─── Provided material ───

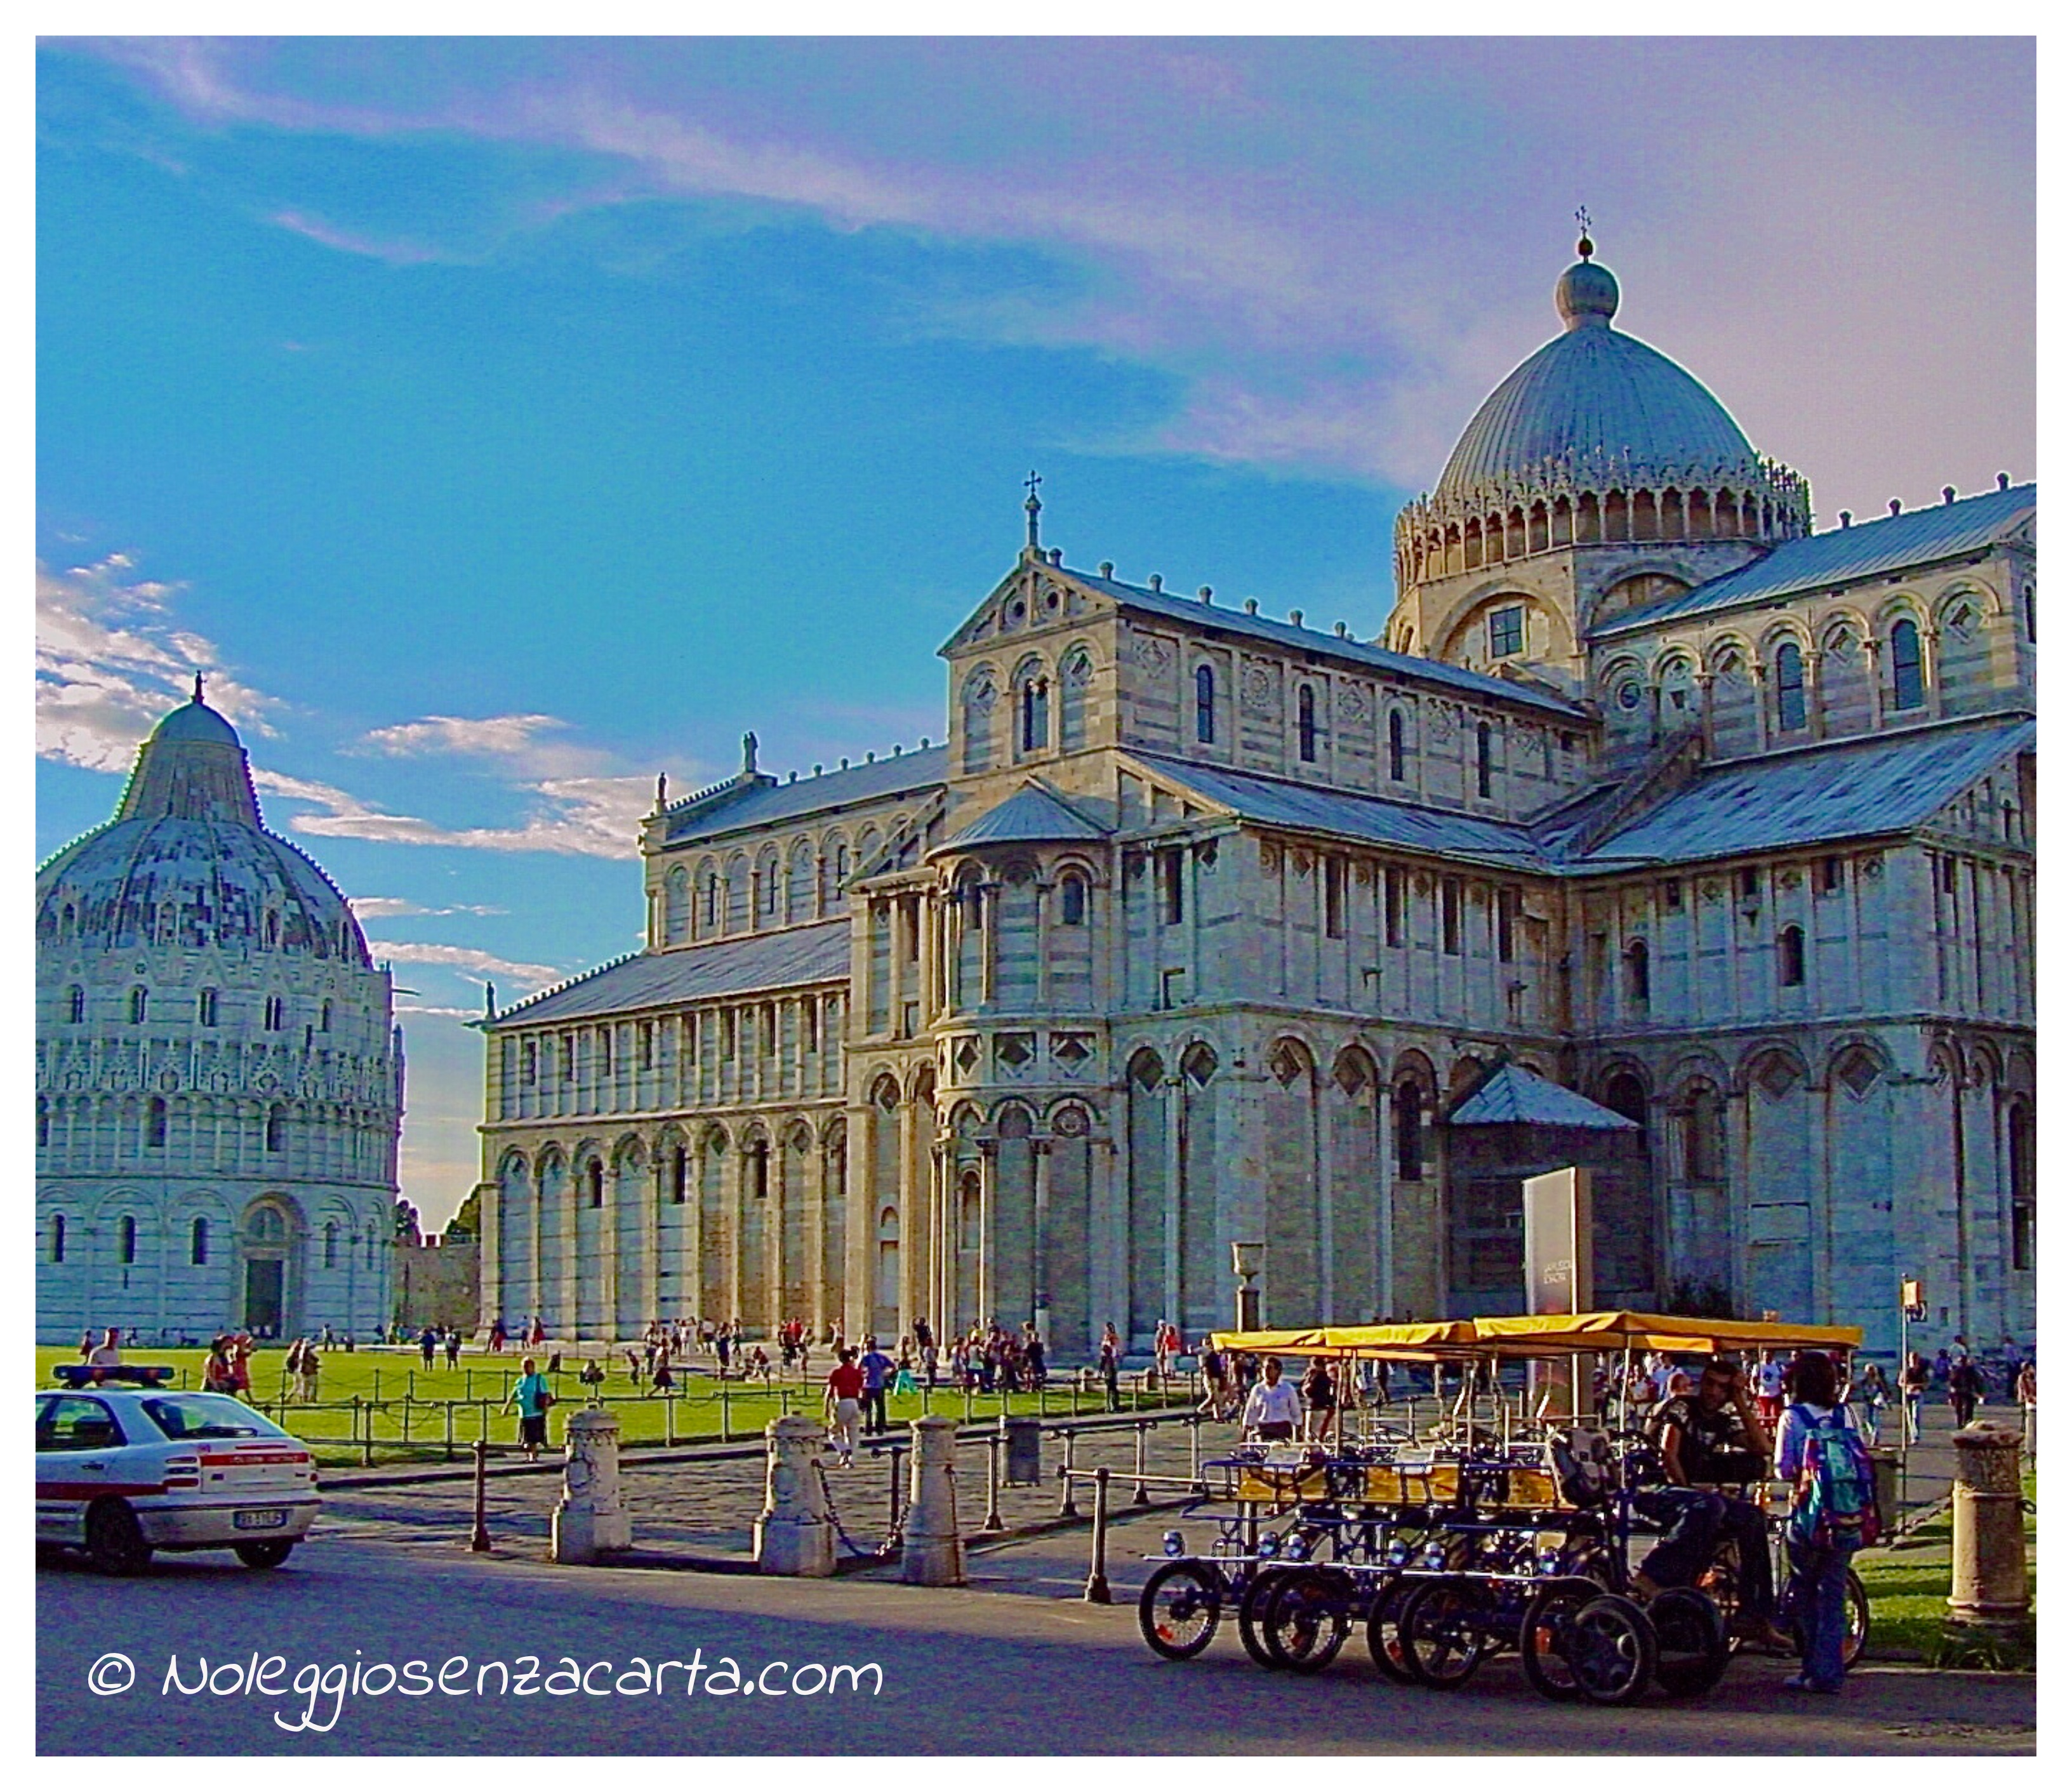 Alquiler coche Pisa sans tarjeta de crédito
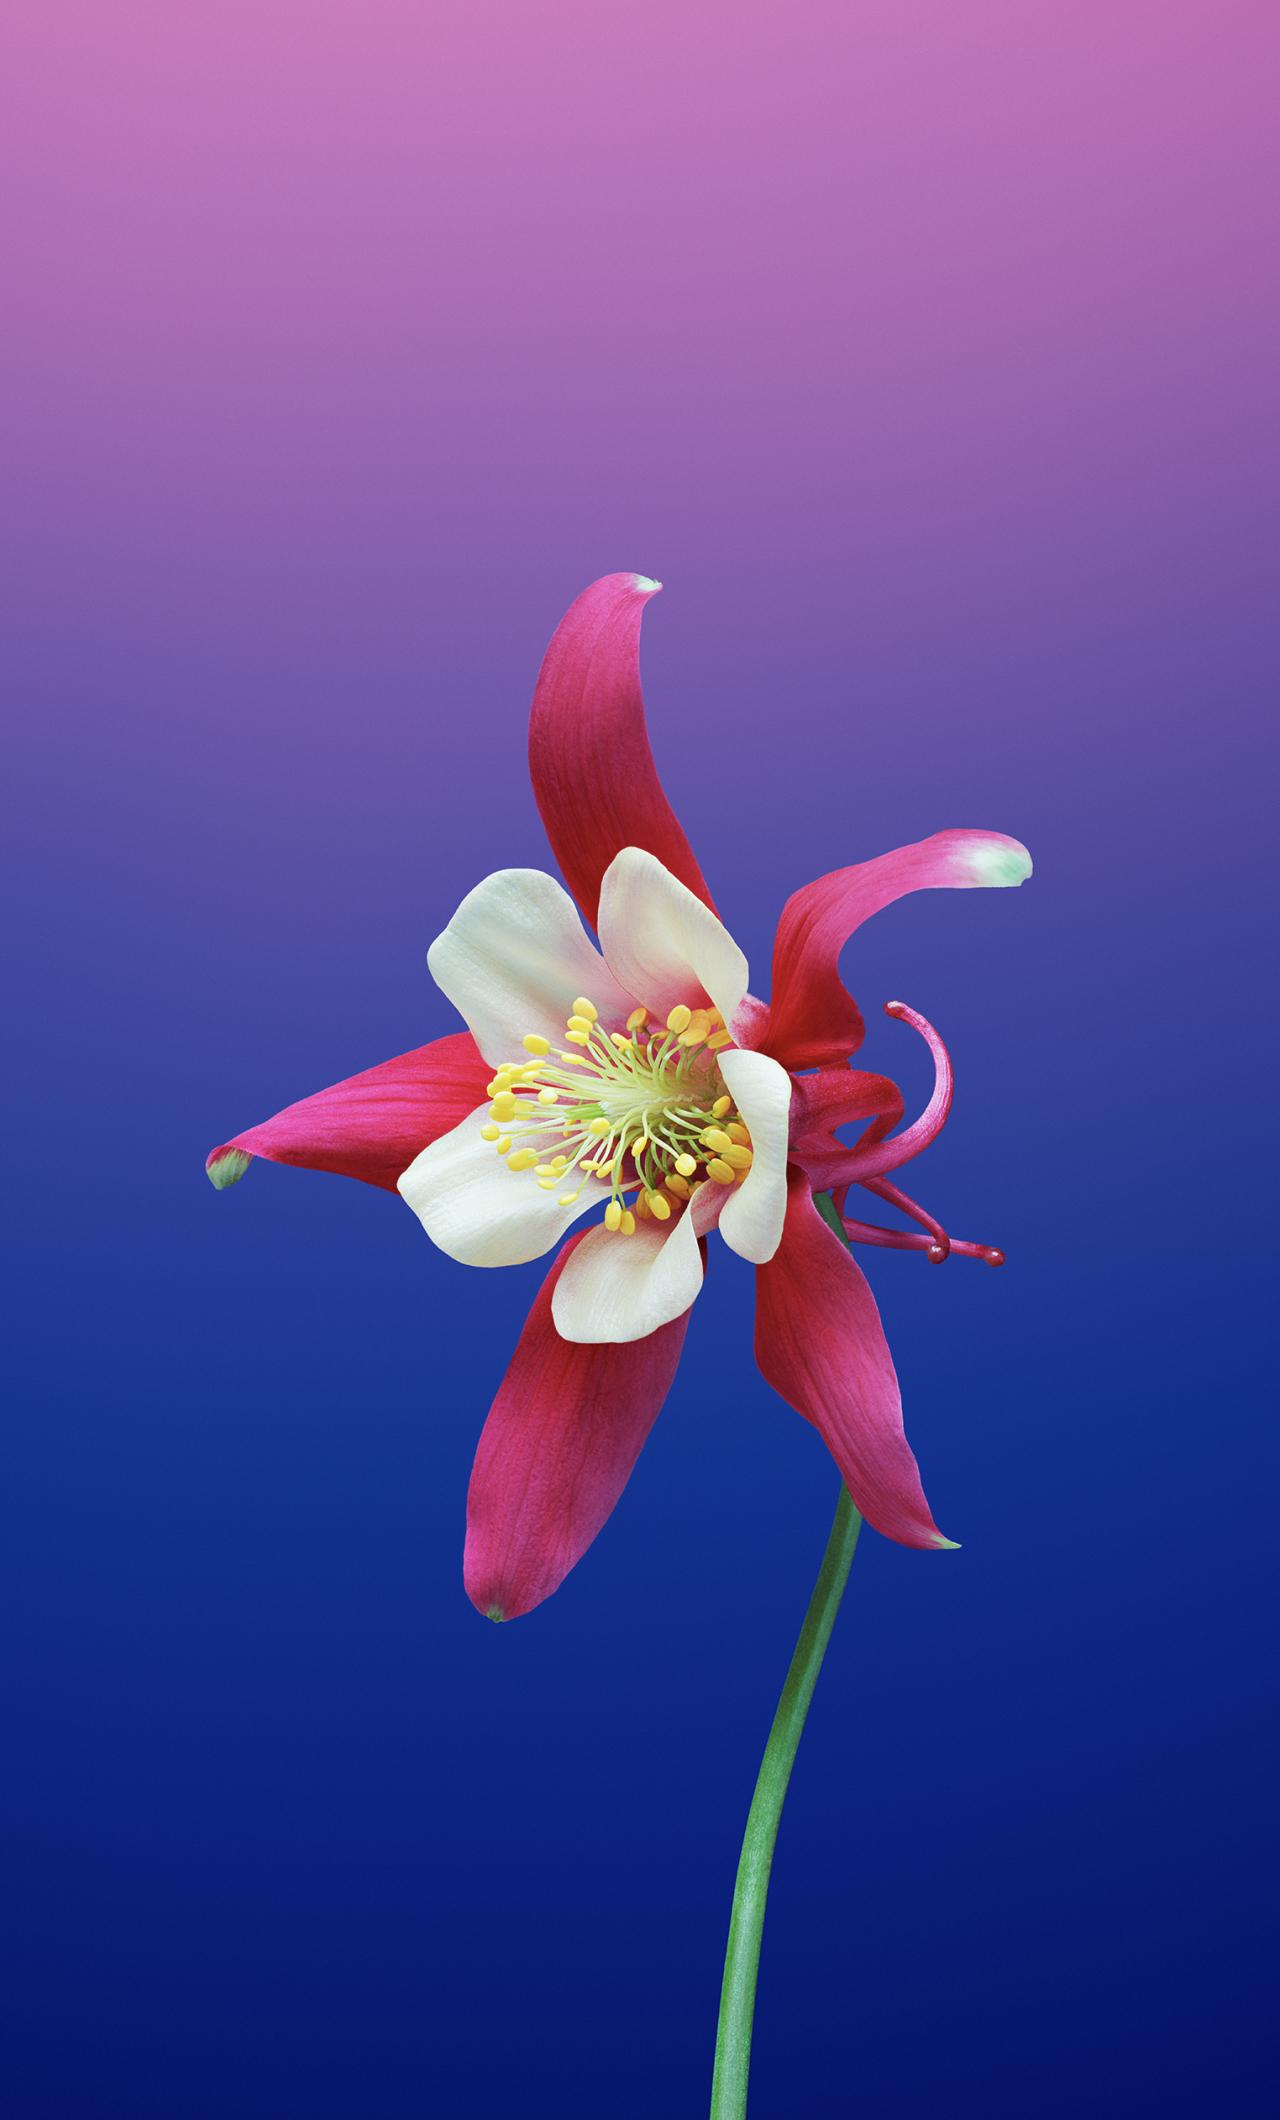 Ios 11 Flower Aquilegia, Full HD 2K Wallpaper
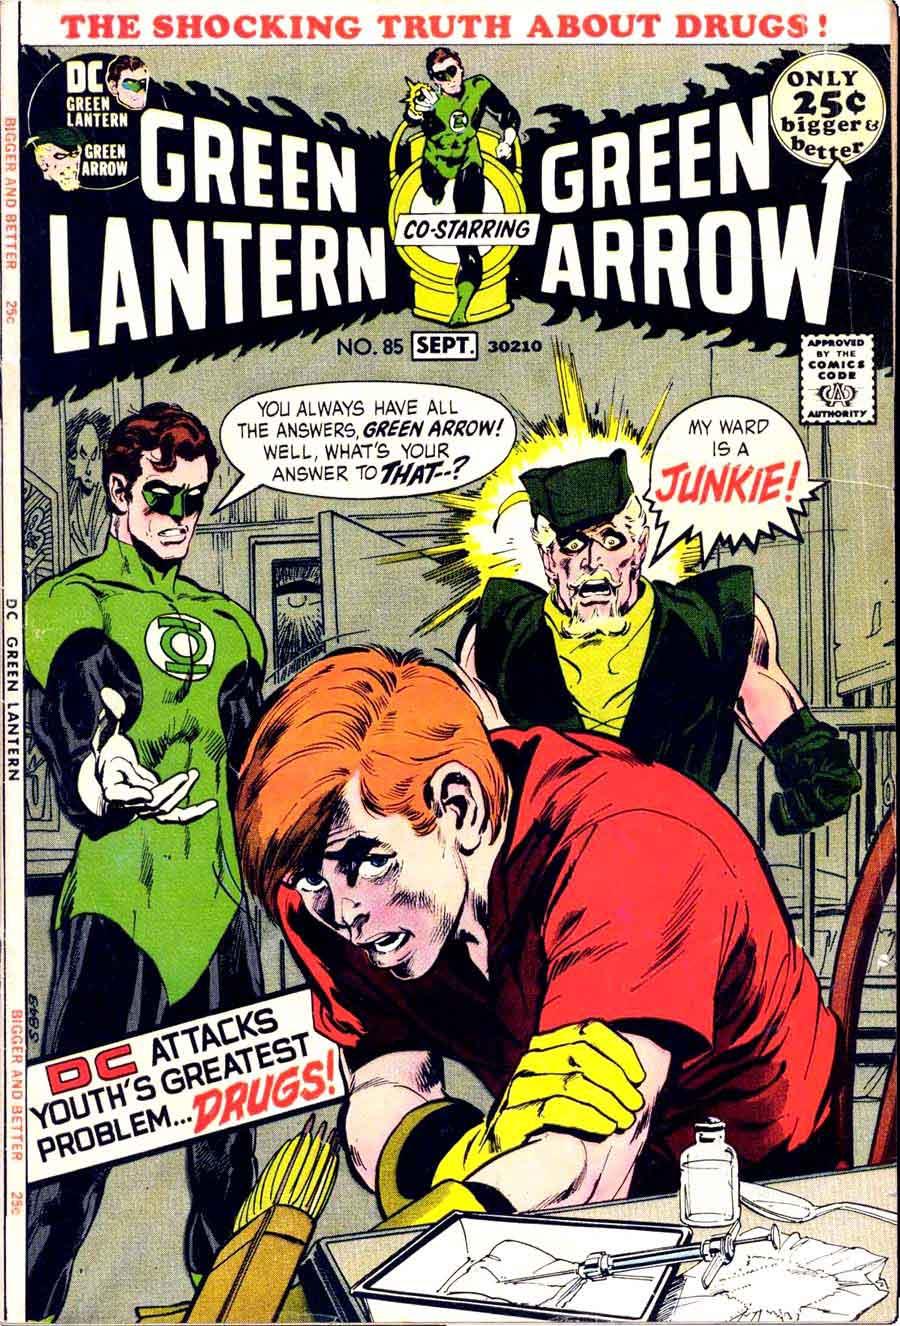 Green Lantern Green Arrow #85 dc comic book cover art by Neal Adams

───

§ **Exercise aim**:
Leave out the pictures, and write out exactly the lines from the one containing "Ios 11 Flower" through the last line of the listing, both included.

§ **Answer space**:
 Ios 11 Flower Aquilegia, Full HD 2K Wallpaper
 Green Lantern Green Arrow #85 dc comic book cover art by Neal Adams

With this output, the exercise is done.